Linda T confused in Atlanta


----------



## ajs beetle eater (Feb 21, 2008)

*tillie*

 i will get you a picture put up in the next few days i will show you what the matt looks like aj


----------



## ajs beetle eater (Feb 21, 2008)

*tillie*

tille if you look up mercer mat on the net you will get an idea of what i mean aj


----------



## Tillie (Apr 26, 2006)

Hi AJ,

I use inner covers on some of my hives - sounds like the Mercer Mat is made of vinyl but is just an inner cover in disguise??? So the mat to use over the AJ's Beetle Eaters should cover the tops of all of the frames in that box in the way an inner cover does?

Linda T in Atlanta


----------



## summer1052 (Oct 21, 2007)

*Pour spout*

I have one of those little cork/metal spout combos that I bought for vinegar, oil, and other decorative kitchen bottles. You know the kind: put your oil in here, and drizzle into the pan, and it looks nicer than a big ol' bottle on the counter. I bought mine at a Pier One type store; a larger grocery store or gourmet shop should have them by the handful. 

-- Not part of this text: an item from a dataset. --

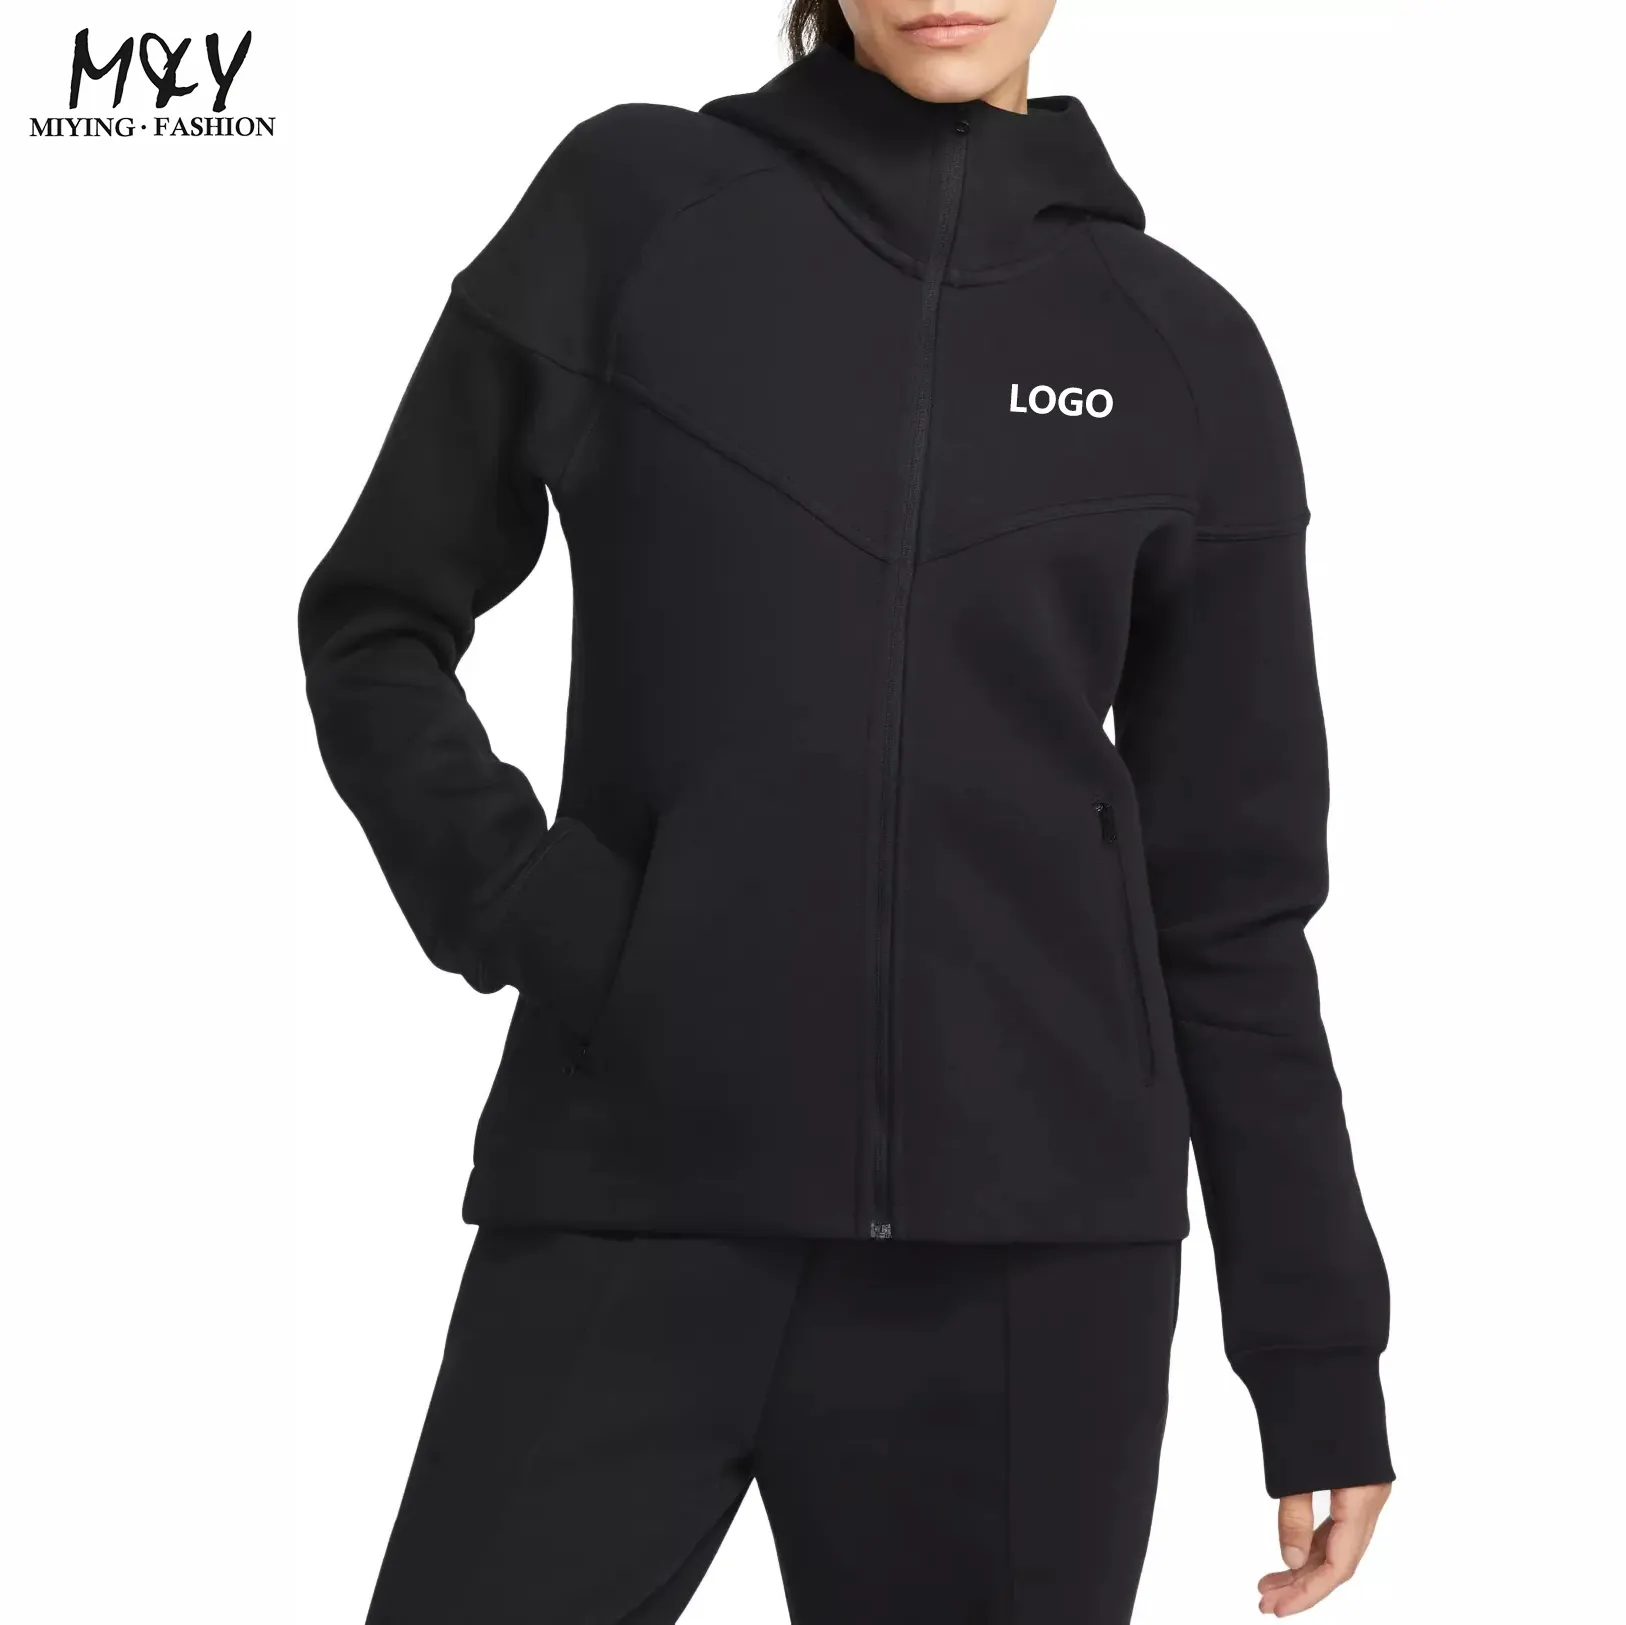 Autumn /Winter Fashion Sports Running Cycling Zipper Hooded Jacket Custom Logo Fabric Casual Sweatshirts Women Clothing

I put oil in a small bottle, added the spout, and use that to fill the trap. Works like a charm. You can add oil without having to remove the top of the trap, just drizzle in.

Summer


----------



## ajs beetle eater (Feb 21, 2008)

*ajs beetle eater*

 hi guys just wanted to know how the beetle eaters are working for you i hope they are working as well over in the states as they are in australia we are catching a lot of beetle here love some feed back thanks aj


----------



## sc-bee (May 10, 2005)

Any way we could see a picture of your hive w/ a trap set up with mat in place. I have been covering the trap area w/floor covering w/fair success.

Trap was in about five days or so:


----------



## summer1052 (Oct 21, 2007)

AJ, the traps are great!! 

I had a hive which had larvae in it, to the point I had to freeze 3 frames and return them. I got your traps, "vinyl" shelf cover, and put them out. 

I see maybe one or two beetles in the hive now, and 6-12 in the trap routinely. I think they are great. 

Now, if you could only do something about wax moths for me . . .

Summer


----------



## ajs beetle eater (Feb 21, 2008)

*sc-bee*

 hi if you look in the bee culture magazine you can see the mat in my add ajs beetle eater this mat is large i have three beetle eaters in my hive you may not need one as large thanks aj


----------



## Troy (Feb 9, 2006)

I am not getting results like summer.

I put out ten of these traps in one apiary that has pretty heavy beetle infestation. I am seeing in some cases hundreds, but at least 2 beetles in every hive I open, but when I dump out the oil in AJ's trap, there is only a few beetles in each one.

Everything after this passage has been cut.